米問屋(こめどんや)の店さきは、人でごったがえしておりました。
その人ごみを、おしわけて、
「ごめん」
店の中に、ひとりの浪人(ろうにん)が、かけこんできました。
ペタリと、土間(どま→家の中で、床(ゆか)を張らずに地面のままの所)にすわると、ものもいわずに、もろはだをぬいで、わきざしを腹(はら)ヘつきたてようとします。
おどろいたあるじが、かけおりて、
「まあ、まあ。まあ、おまちなさい」
浪人(ろうにん)の手をおさえ、刀をとりあげると、
「これは、いったい、どうしたわけでございます」
たずねられると、浪人(ろうにん)は、ぴたりと両手をついて、頭をひくくさげ、
「それがし、もとは、さる大名(だいみょう→とのさま)に奉公(ほうこう→つとめること)つかまつりし、いささか名のある者なれど、まことに口惜しや、腹(はら)ぐろき同輩(どうはい→おなじ地位のなかま)のたくらみにて、主家(しゅか→主人の家)をおわれ、それよりこのかた八年。辛苦(しんく→つらいめにあって苦しむこと)のなかに、なんとか命をつなぎまいったは、ご、ごっ、ご主人さま。
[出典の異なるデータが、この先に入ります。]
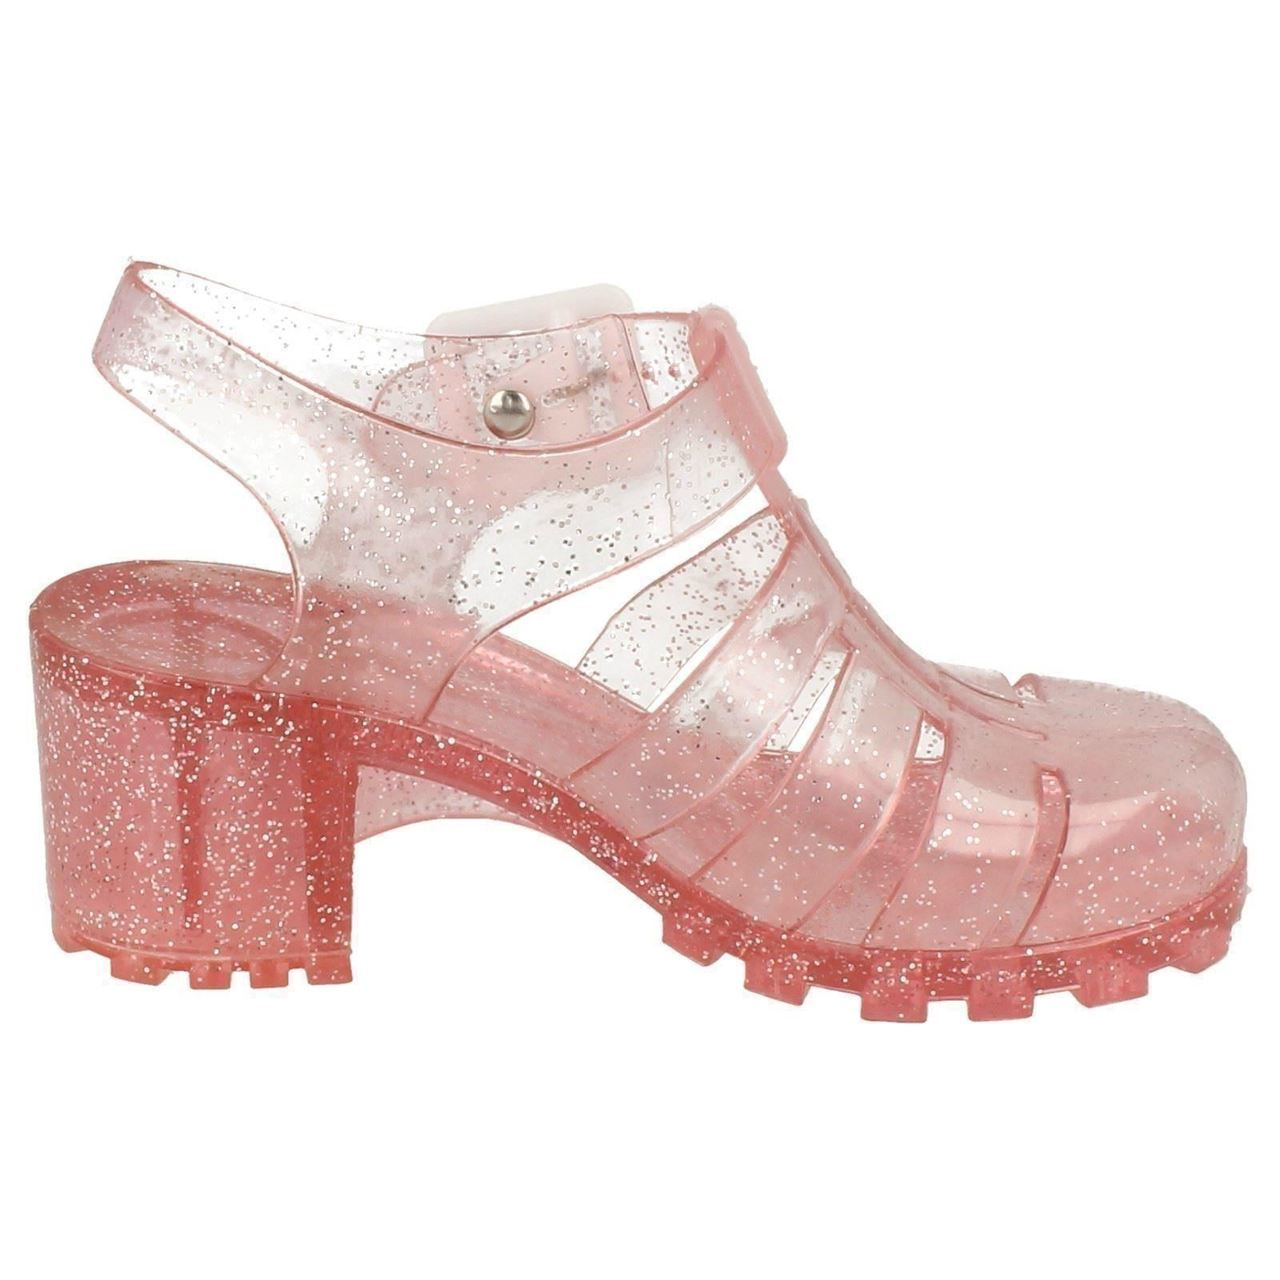 SALE NOW £2.99 Girls Spot On Jelly Sandals in Black Glitter H3040

ひとえに、ひとえにあなたさまのおかげにございまする」
浪人(ろうにん)は涙(なみだ)を流し、言葉を続けた。
「されば、されば、今日の大みそか。なんといたしても、こちらさまヘの、つもる借金(しゃっきん)。はらいもうさねば、あいすまぬしだいと、朝より八方かけめぐり、苦心(くしん)に苦心いたせども、ああ、悲しや、うらめしや、どうしてもくめんがつかず、それゆえ、まことにもうしわけなく、ただ、ただ、いまはおわびのために、この腹(はら)かっきって死のうとの覚悟(かくご)。なにとぞ、なにとぞ、この場で、死なせてくださりませ」
と、まごころこめての言葉。
米屋のあるじも、思わず涙(なみだ)をおとし、
「いや、まことに、お見あげもうしたお人がら。さっ、ささ。どうぞ、どうぞ、お手をおあげなされ。そのようなおぼしめしなら、お金のほうは、いつでもよろしゅうございまする。お金のご心配をなさらず、どうかおくで、ごゆっくり、お酒などをめしあがっていってくだされ」
あるじのあたたかい言葉に、
「おこころざしは、かたじけのうございまするが」
と、浪人(ろうにん)は立ちあがって、刀をうけとると、
「こんにちは、一年に一度の大みそか。まだ、あちら、こちちに、腹(はら)をきりに、まわらねばなりませぬ。・・・ごめん」
と、いうと、浪人(ろうにん)は、とぶように走りででいったそうな。